Mechanism of photocatalytic reduction of CO₂ by Re(bpy)(CO)₃Cl from differences in carbon isotope discrimination

The rhenium complex Re(bpy)(CO)₃Cl (1, bpy = 2,2′-bipyridine) catalyzes CO₂ reduction to CO in mixtures containing triethanolamine (TEOA) as a sacrificial reductant. The mechanism of this reaction under photocatalytic conditions remains to be fully characterized.
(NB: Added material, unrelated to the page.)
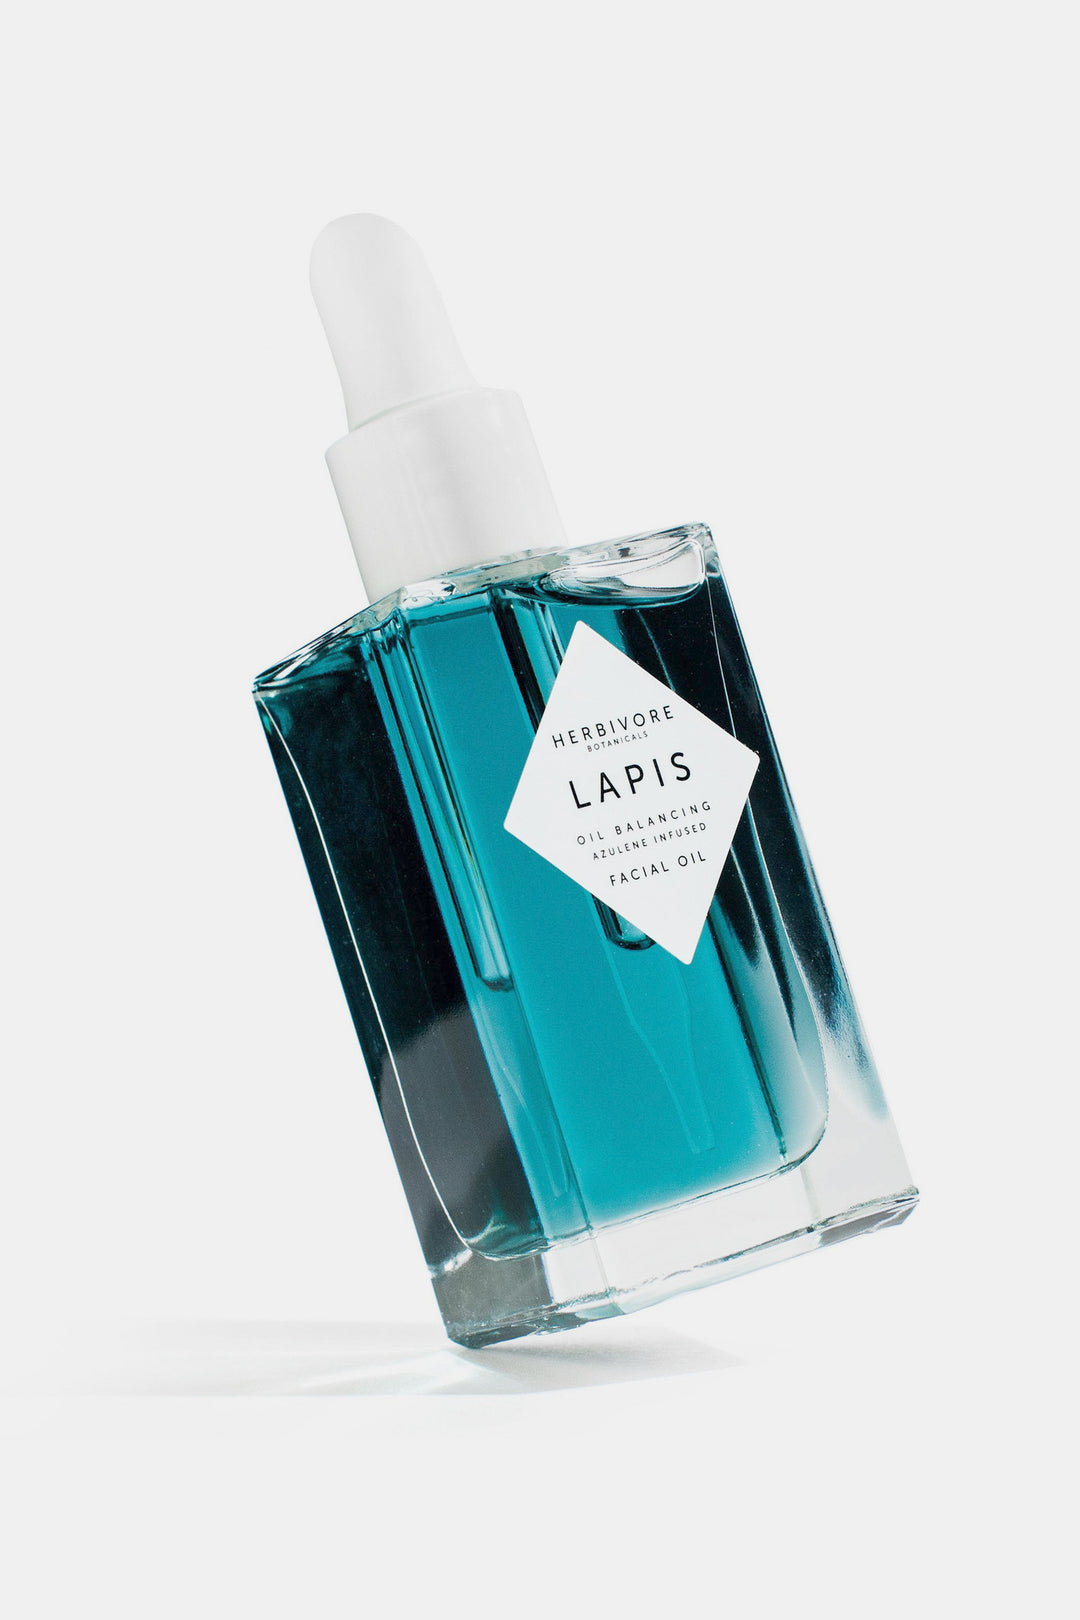 Lapis Lazuli Gesichts-Öl

Here, we report the competitive carbon kinetic isotope effects (¹³C KIEs) on photocatalytic CO₂ reduction by 1 and analyze the results of experimental measurements by comparing with computed KIEs via density functional theory (DFT) calculations as a means of formulating a chemical mechanism and illustrating the utility of this approach. The ¹³C KIEs, k(¹²C)/k(¹³C), in acetonitrile (ACN) and dimethylformamide (DMF) were determined to be 1.0718 ± 0.0036 and 1.0685 ± 0.0075, respectively. When [Ru(bpy)₃]Cl₂ is added to the reaction mixture in acetonitrile as a photosensitizer, the reduction of CO₂ exhibited a ¹³C KIE = 1.0703 ± 0.0043. These values are consistent with the calculated isotope effect of CO₂ binding to the one-electron reduced [Re^I(bpy•-)(CO)₃] species. The findings reported here provide strong evidence that the reactions in the two different solvents have the same first irreversible step and proceed with similar reactive intermediates upon reduction. Theoretically, we found that the major contribution for the large ¹³C isotope effects comes from a dominant zero-point energy (ZPE) term. These results lay the groundwork for combined experimental and theoretical approaches for analysis of competitive isotope effects toward understanding CO₂ reduction catalyzed by other complexes.